• _Task brief_: For the entries below, the result should be an exact transcription of the lines from the one with "قرارات مجلس الوزراء اليوم" up to and including the one with "Жен. платье Стрекоза", and only those.

• _Data supplied_:
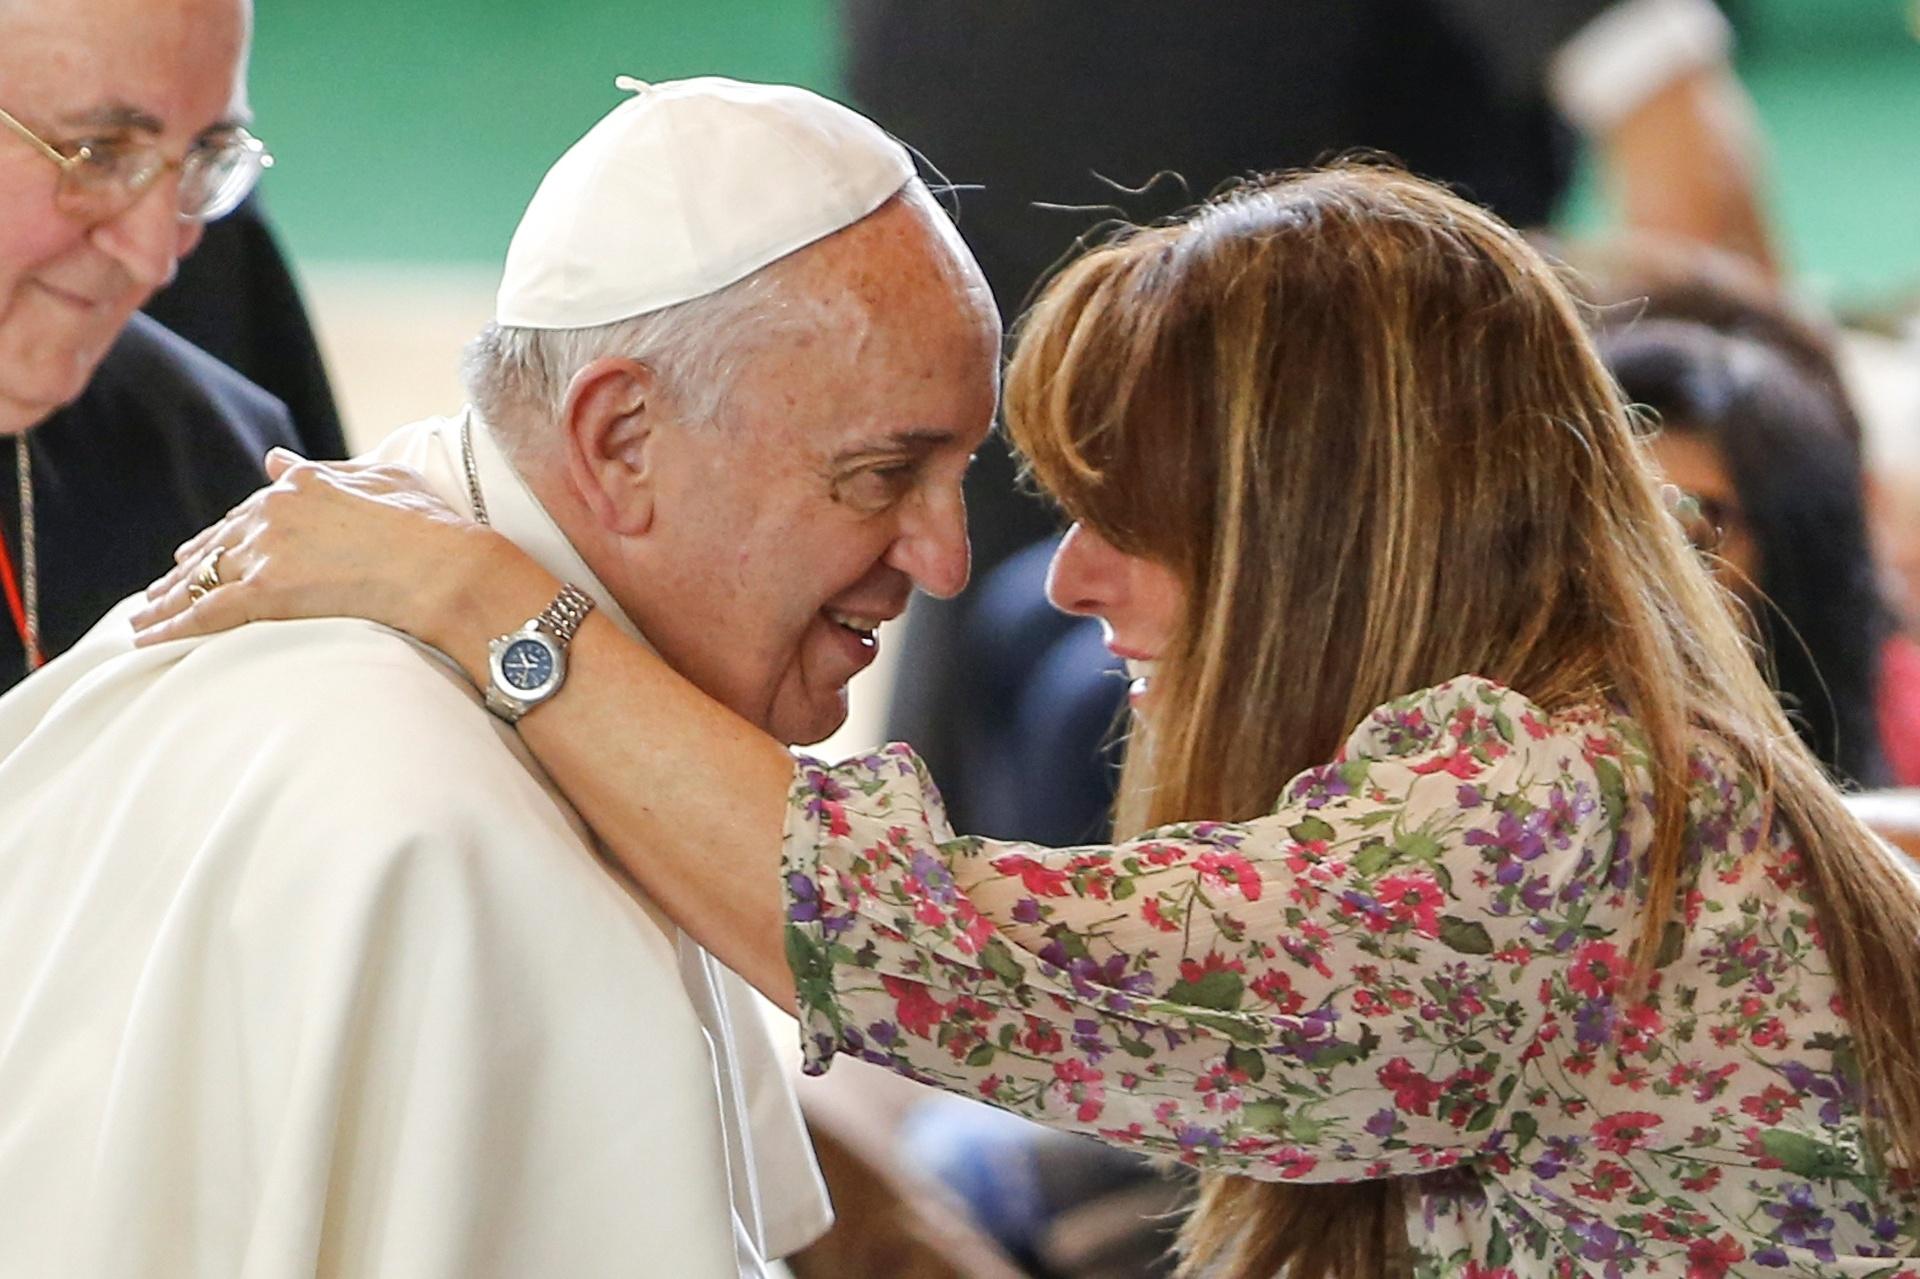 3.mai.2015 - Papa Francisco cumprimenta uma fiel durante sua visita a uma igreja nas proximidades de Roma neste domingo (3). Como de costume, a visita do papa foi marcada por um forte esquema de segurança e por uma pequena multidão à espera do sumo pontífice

...

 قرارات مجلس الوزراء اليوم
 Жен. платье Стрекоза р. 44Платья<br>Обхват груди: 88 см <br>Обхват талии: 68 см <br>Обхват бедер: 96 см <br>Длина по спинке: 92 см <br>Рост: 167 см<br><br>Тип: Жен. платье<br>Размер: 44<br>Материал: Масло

• _Task response_:
 قرارات مجلس الوزراء اليوم
 Жен. платье Стрекоза р. 44Платья<br>Обхват груди: 88 см <br>Обхват талии: 68 см <br>Обхват бедер: 96 см <br>Длина по спинке: 92 см <br>Рост: 167 см<br><br>Тип: Жен. платье<br>Размер: 44<br>Материал: Масло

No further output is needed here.